From bone broth cafes popping up on NYC street corners to major department stores filling shelves with vitamin supplements, ingesting collagen seems to be “the next big thing” in beauty, and plenty of consumers — and companies — are jumping on the bandwagon.
The reasoning isn’t completely off — after all, the practice of eating for better skin isn’t new. Health experts have praised the benefits of certain superfoods, like salmon or blueberries, for years. Can bone broth be thought of in a similar way? We asked RealSelf experts more about this “hot” trend:
You’re wondering: What does collagen have to do with my skin health?
The collagen in our skin degrades with time, causing us to look older. “When our collagen degrades, our skin gets looser, wrinkles are created, and the skin looks less plump, healthy, and youthful,” said Detroit plastic surgeon and RealSelf contributor Dr. Anthony Youn. “Collagen begins to break down as early as our twenties, which is when we begin to see aging in many people. This is especially influenced by external factors, such as smoking, poor diet (filled with inflammatory mediators), and sun exposure.”
You’re wondering: What’s the connection between bone broth and collagen?

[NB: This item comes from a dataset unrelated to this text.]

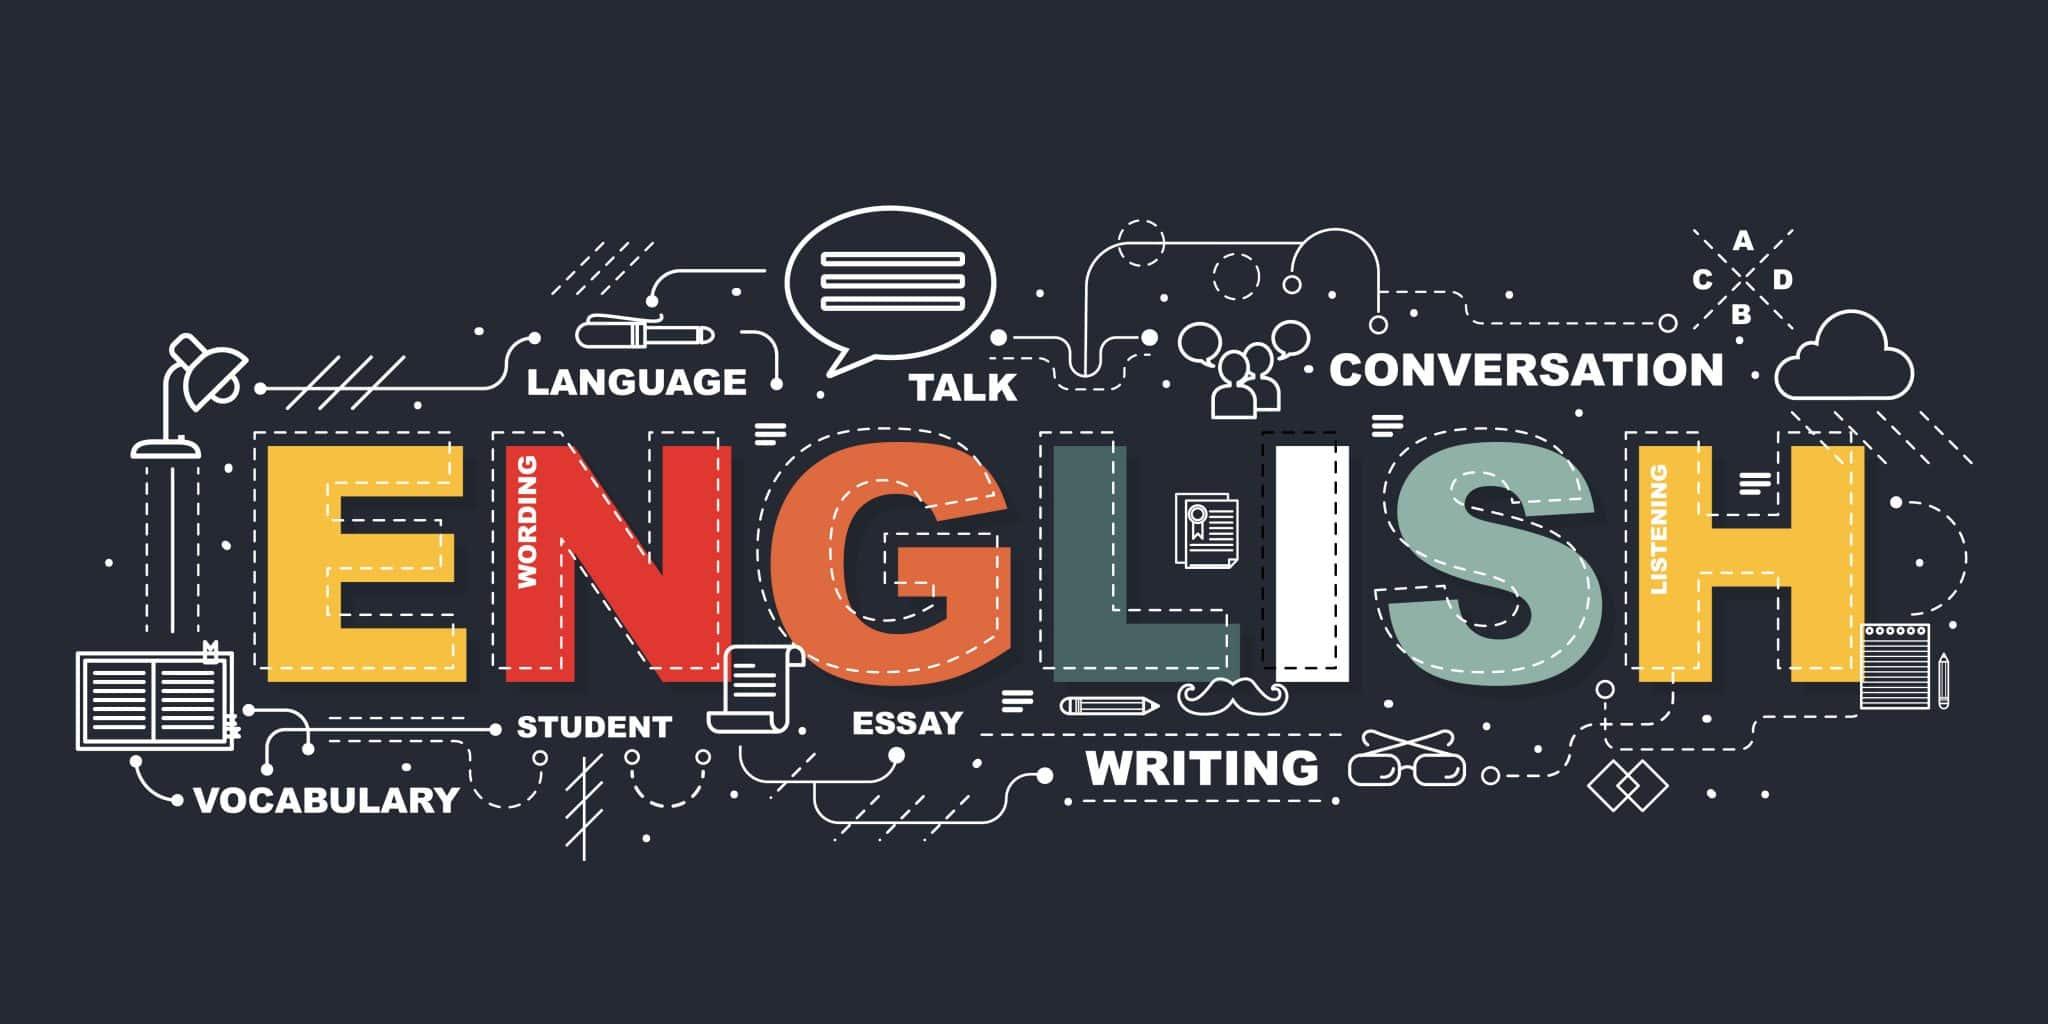 اختبار تحديد مستوى انجليزي اختبار تحديد المستوى اختبار تحديد مستوى اللغة الانجليزية مع الاجابة اختبار تحديد مستوى اللغة الانجليزية

“The science behind bone broth is that ingesting high amounts of collagen rich gelatin increases the collagen level in the body,” explained New York dermatologist and RealSelf contributor Dr. Michele Green. “The higher the level of collagen will make the skin firmer reducing the appearance of fine lines and wrinkles.”
“The basic idea is that bone broth is chock full of collagen and gelatin,” said Youn. “Although there isn’t a lot of hard science to prove it, the idea is that consuming collagen can help to provide the building blocks the skin needs to stay strong and youthful.”
Bone broth might also help with medical conditions like leaky gut. According to Youn, the gelatin and proteins in bone broth act as anti-inflammatories and can heal the gut lining by providing nutrients and reducing inflammation. “Many doctors have reported seeing similar results in their patients’ skin after adding bone broth to their diets – the skin is smoother, younger-looking, and healthier-appearing,” added Youn.
You’re wondering: How does ingesting collagen (via bone broth or other supplements) differ from applying it topically such as with a cream or serum?
“Collagen applied as a topical may help as a moisturizer, but the collagen molecule is typically too large to actually penetrate the surface of the skin,” said Youn. “It just sits on top.”
Consuming collagen might be a better option. “Ingesting bone broth allows the body to absorb collagen and proteins to improve more than just the skin,” explained Youn. “The joints may be healthier, the gut is healthier, and the skin is healthier.”
Green agreed, explaining that “collagen molecules are too large and cannot be absorbed by applying to the skin topically.” However, she’s less convinced on the benefits of consumption, saying the efficacy of ingesting bone broth to stimulate collagen and elastin production in the skin has not been scientifically proven.
You’re wondering: Can I buy it from the store/can I make it at home? How do I get my hands on it?
Bone broth isn’t the same as the canned broth you buy at the grocery store. “You can’t just buy cheap chicken broth in a can from the store and expect it to have the same nutrients,” explained Youn. “It really must be allowed to simmer for a long time to extract all the nutrients from the bones.”
So where do you find said bones? Companies like Crowd Cow can ship flash frozen bones directly to your doorstep. Crowd Cow is a transparent marketplace where consumers can purchase the bones directly from independent, US-based farms and ranches.
For an extra boost, Youn recommends adding skin-healthy foods like antioxidant-rich fruits and vegetables, which “can supercharge your bone broth to make it even better for you.”
If you’re not into DIY-ing, companies like Whole Foods stock (pun intended) broth from brands like EPIC, and you can find it in their bottled beverage section right alongside the Kombucha and La Croix. Powered versions are also available—including these single serve packets made by Vital Proteins.
So is it worth the hype? The final word from our experts.
“Anyone who isn’t vegan or vegetarian can benefit from bone broth,” said Youn. “I firmly believe that the first place to start, if you want to slow down aging and improve your skin, is to eat a healthier diet. This includes reducing inflammation by decreasing the sugar and processed foods you eat, adding antioxidant rich fruits and vegetables, adding good anti-inflammatory fats such as omega-3 fatty acids, and even supplementing with skin-friendly foods like bone broth.”
Not everyone is sold on the idea, however. Schlessinger agreed when it comes to eating well, and said “the idea of a healthy diet is clearly important” but he doesn’t endorse bone broth.
Green said that while consuming collagen supplements like bone broth probably isn’t a health risk, “there is not sufficient scientific research to supports its efficacy.”
As for how much bone broth we should be consuming, Youn doesn’t recommend a specific frequency, but says “just try it and see how you feel (and look!) afterwards.”